**Exercise goal**.
Write out nothing but the lines from the one containing "Coloriage prénom Jade Pixel" through the last line below, both included, and without the pictures.

**Raw data**.
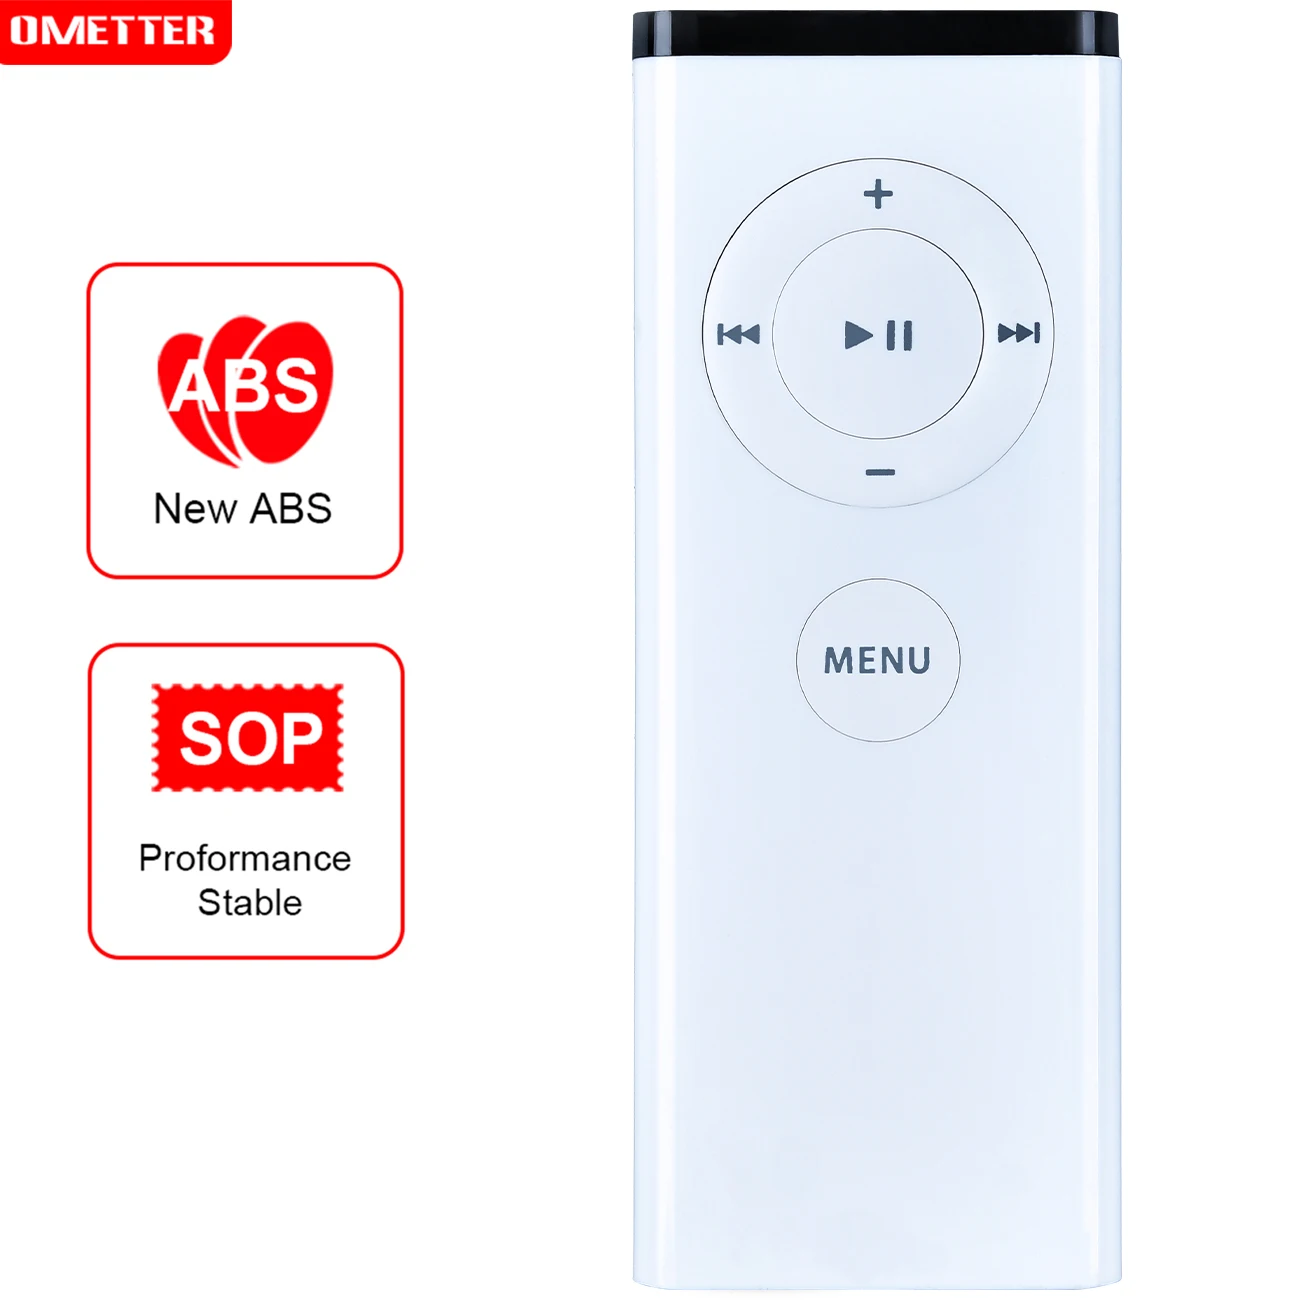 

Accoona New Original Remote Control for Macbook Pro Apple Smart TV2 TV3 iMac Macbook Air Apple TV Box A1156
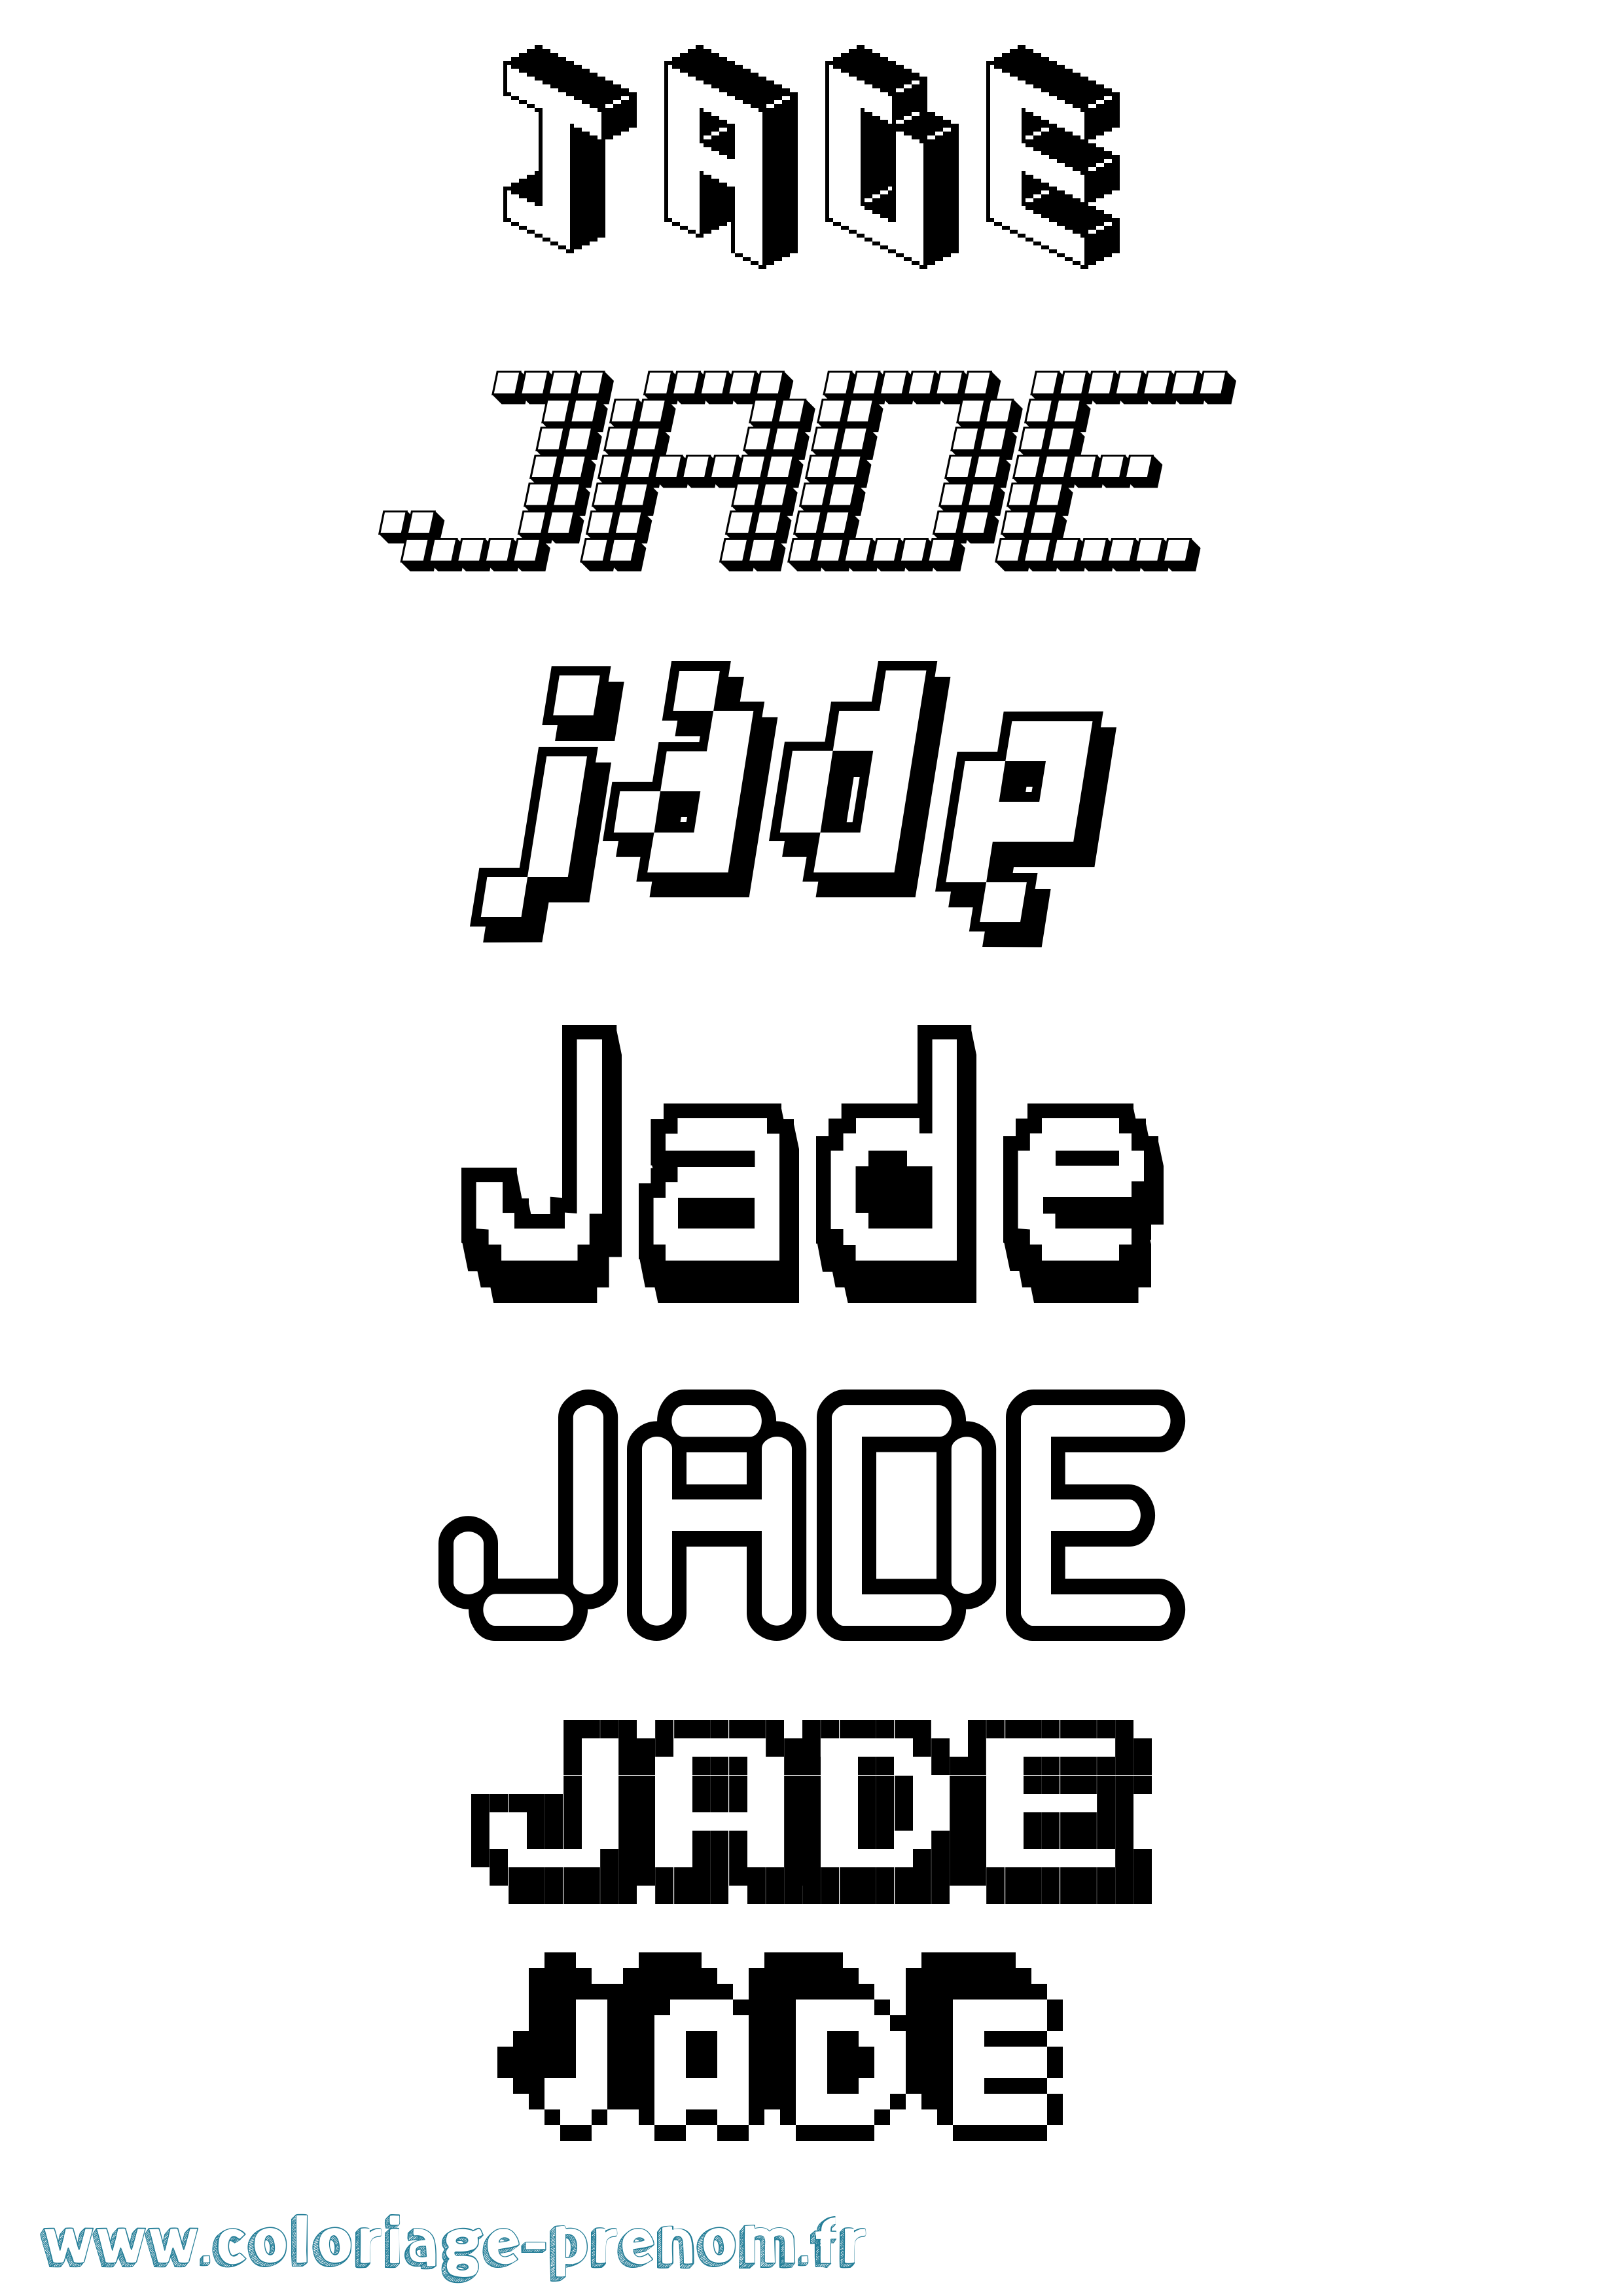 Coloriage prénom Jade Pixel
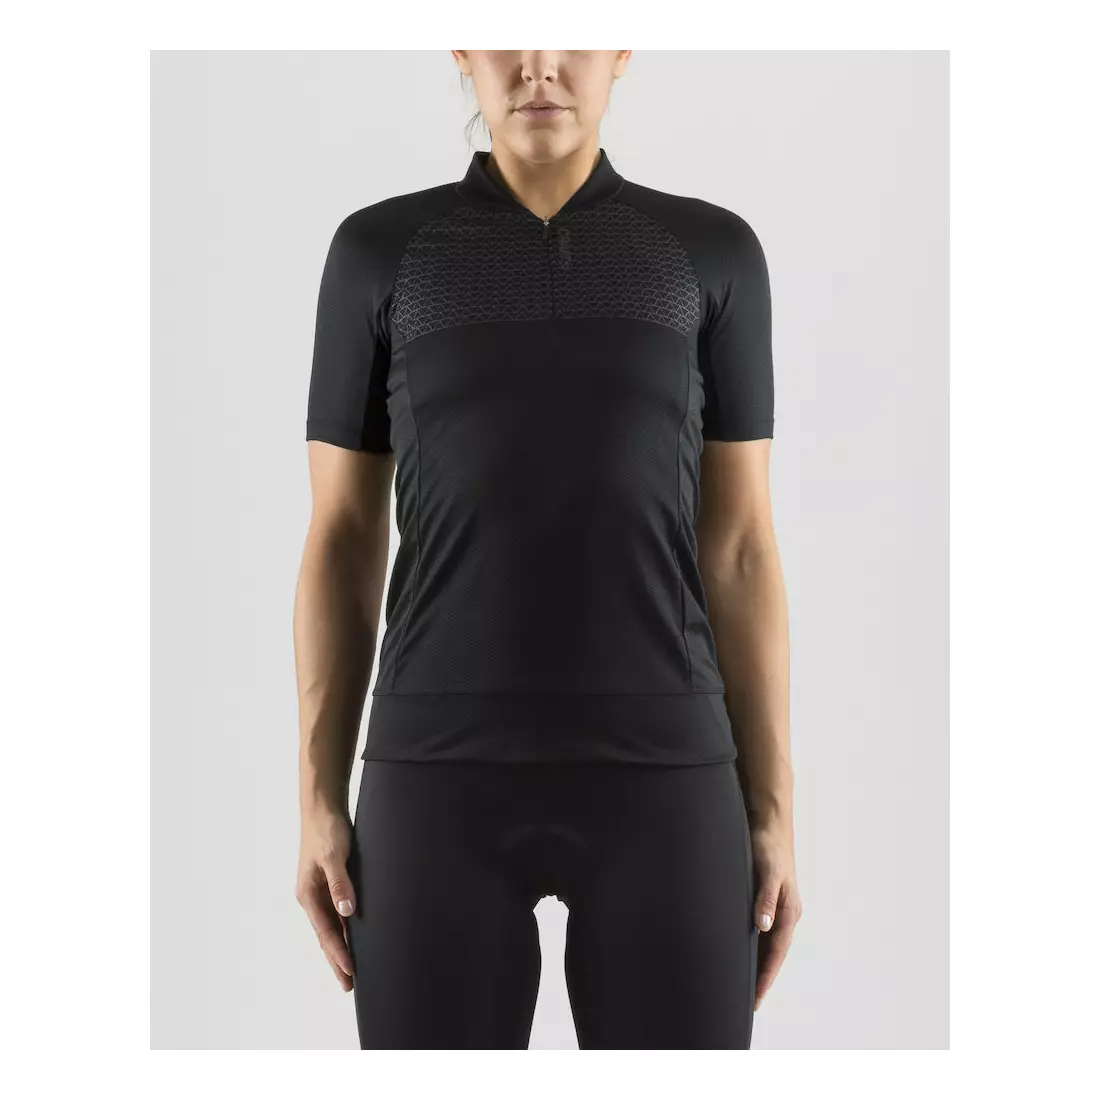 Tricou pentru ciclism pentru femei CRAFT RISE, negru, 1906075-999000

**Solution for this exercise**.
 Coloriage prénom Jade Pixel
 Tricou pentru ciclism pentru femei CRAFT RISE, negru, 1906075-999000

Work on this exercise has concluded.